Engineering Contradictions & Design Principles
Engineering Contradiction Analysis
1Measurement precision
If matched filtering with template banks is used to detect signals, then detection accuracy is improved by covering signal space densely, but computational complexity and search time increase exponentially in higher-dimensional signal spaces
Solution Approach 1:
The patent transforms the signal detection problem from high-dimensional template space to low-dimensional manifold space. By representing signals as points on a low-dimensional manifold and using optimization to find the best matching template, the system reduces computational complexity from exponential to polynomial scaling while maintaining detection accuracy.
Solution Approach 2:
The patent replaces static template banks with dynamic optimization processes. Instead of using fixed templates that must densely cover the entire signal space, the system dynamically optimizes template parameters through gradient descent on the manifold, adapting to each specific signal detection task and reducing the overall search space.
2Measurement precision
If matched filtering with template banks is used to detect signals, then detection accuracy is improved, but search time and processing speed decrease significantly in higher-dimensional signal spaces
Solution Approach 1:
The patent reduces the search space dimensionality by parameterizing signals on a low-dimensional manifold. This transformation allows the system to search efficiently through the signal space using optimization algorithms that scale polynomially with dimension, achieving both high detection accuracy and fast search speeds even in complex signal environments.
Solution Approach 2:
The patent performs preliminary actions by pre-computing the manifold representation and optimization paths during training.
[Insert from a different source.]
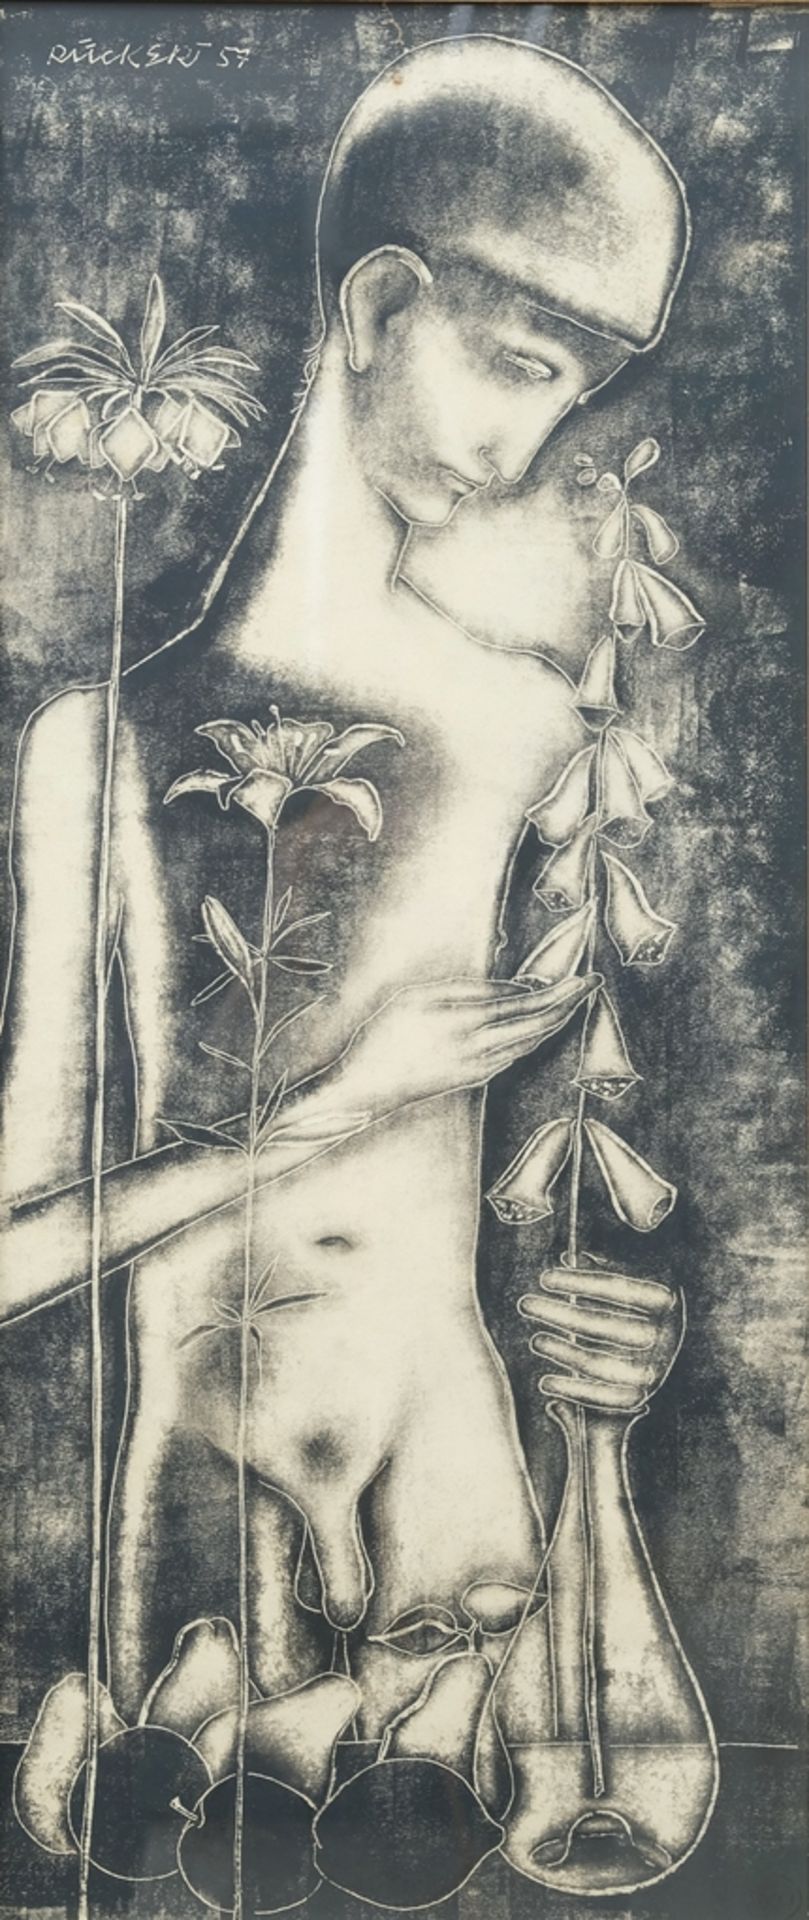 Rückert, Erich-Andreas (1920-2016) Male Nude (Dr Klemmt), 1957, charcoal on paper. 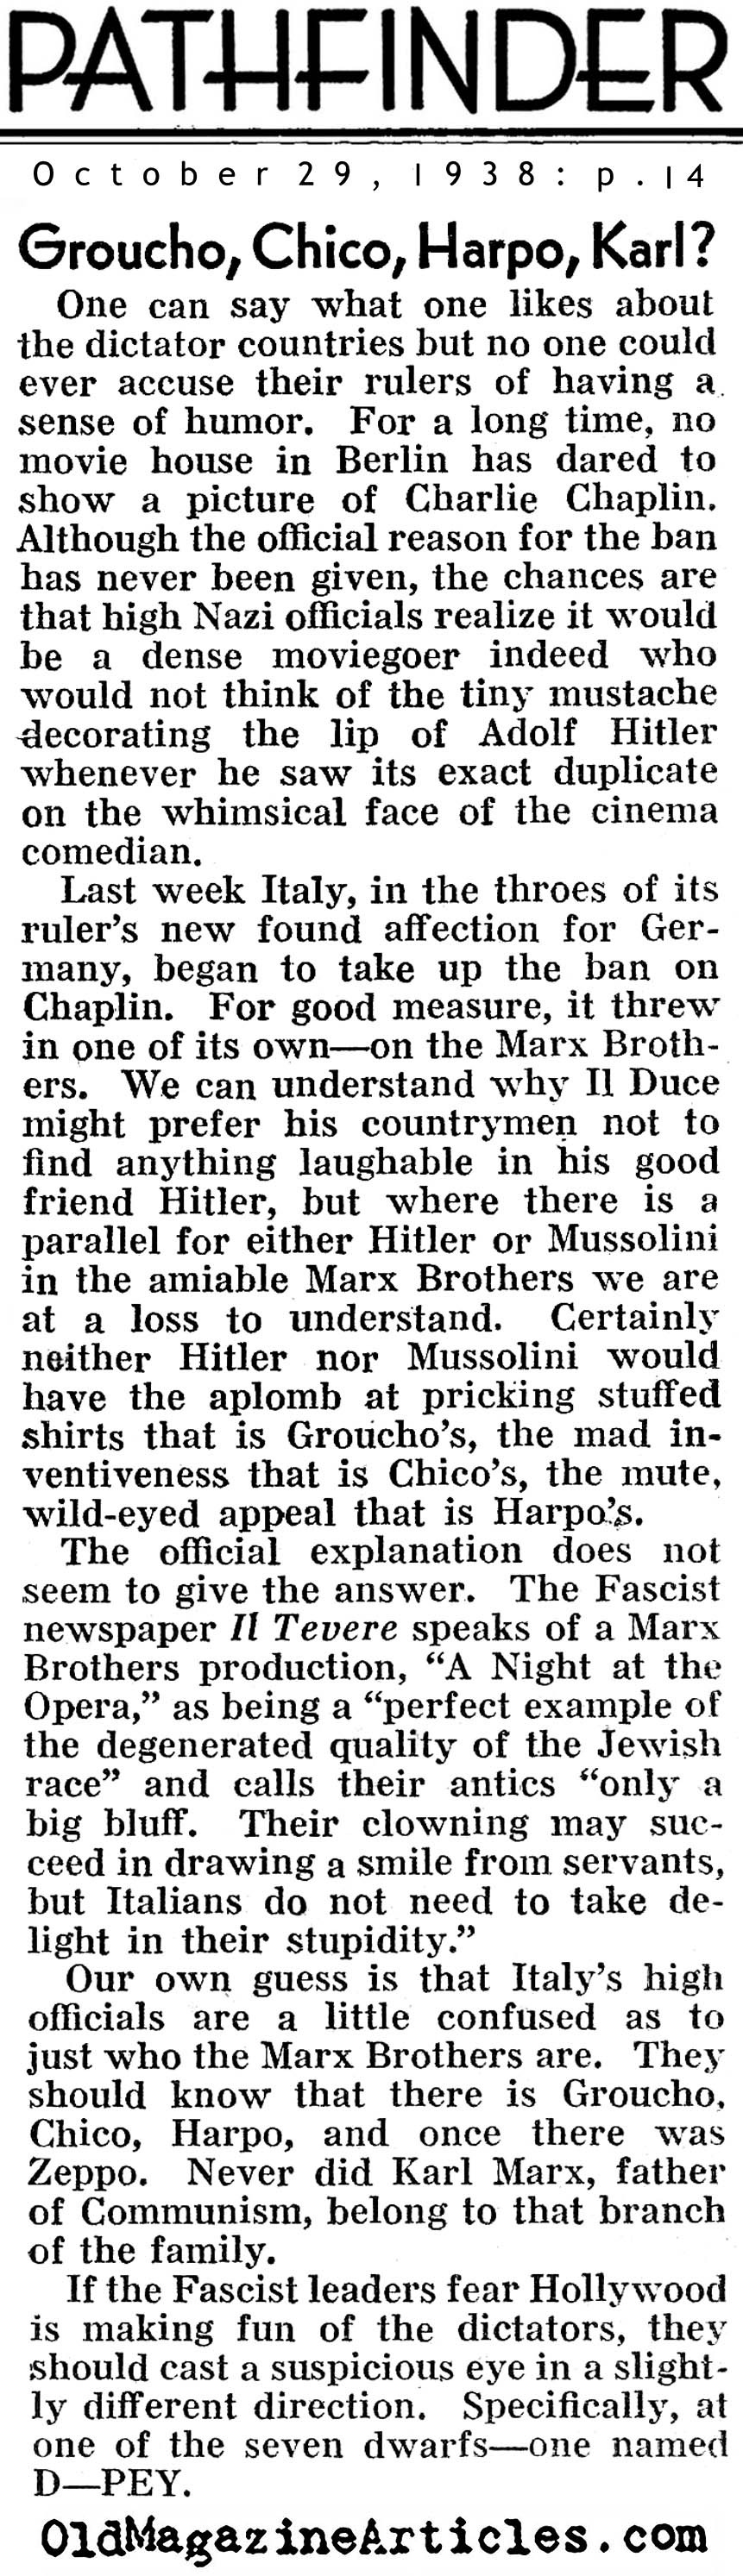 Mussolini - Irked By The Marx Brothers (Pathfinder Magazine, 1938)

This allows the system to quickly execute detection during inference by simply optimizing along pre-learned manifold structures, significantly reducing real-time processing time while maintaining accuracy.
3Reliability
If template banks are constructed to cover signal space densely, then detection reliability is improved, but the burden of enormous template banks becomes intractable
Solution Approach 1:
The patent extracts the essential signal characteristics into a low-dimensional manifold representation, separating the critical signal information from the redundant high-dimensional template space. This allows the system to maintain detection reliability by focusing optimization on the essential manifold parameters rather than managing enormous template banks.
Solution Approach 2:
The patent changes the parameter representation from fixed template indices to continuous manifold coordinates. This parameter transformation enables smooth optimization and interpolation, allowing the system to achieve reliable detection by optimizing over continuous parameters on the manifold rather than searching through discrete, enormous template banks.
Data Source
AI summary
Disclosed are systems, methods, computer program products, and other implementations, including a method for signal detection is disclosed that includes obtaining samples of observation data comprising a signal component produced by a source object, and a noise component, and generating based on at least one of the samples of the observation data, processed by a machine learning template derivation system, a filtering template to separate the signal component from the noise component, with the machine learning template derivation system including one or more trainable layers, and with at least one layer of the one or more trainable layers implementing a respective one of one or more iterations of an unrolled optimization process to determine optimized template parameters for the filtering template. The method further includes applying the filtering template to one or more of the samples of the observation data to obtain the signal component of the observation data.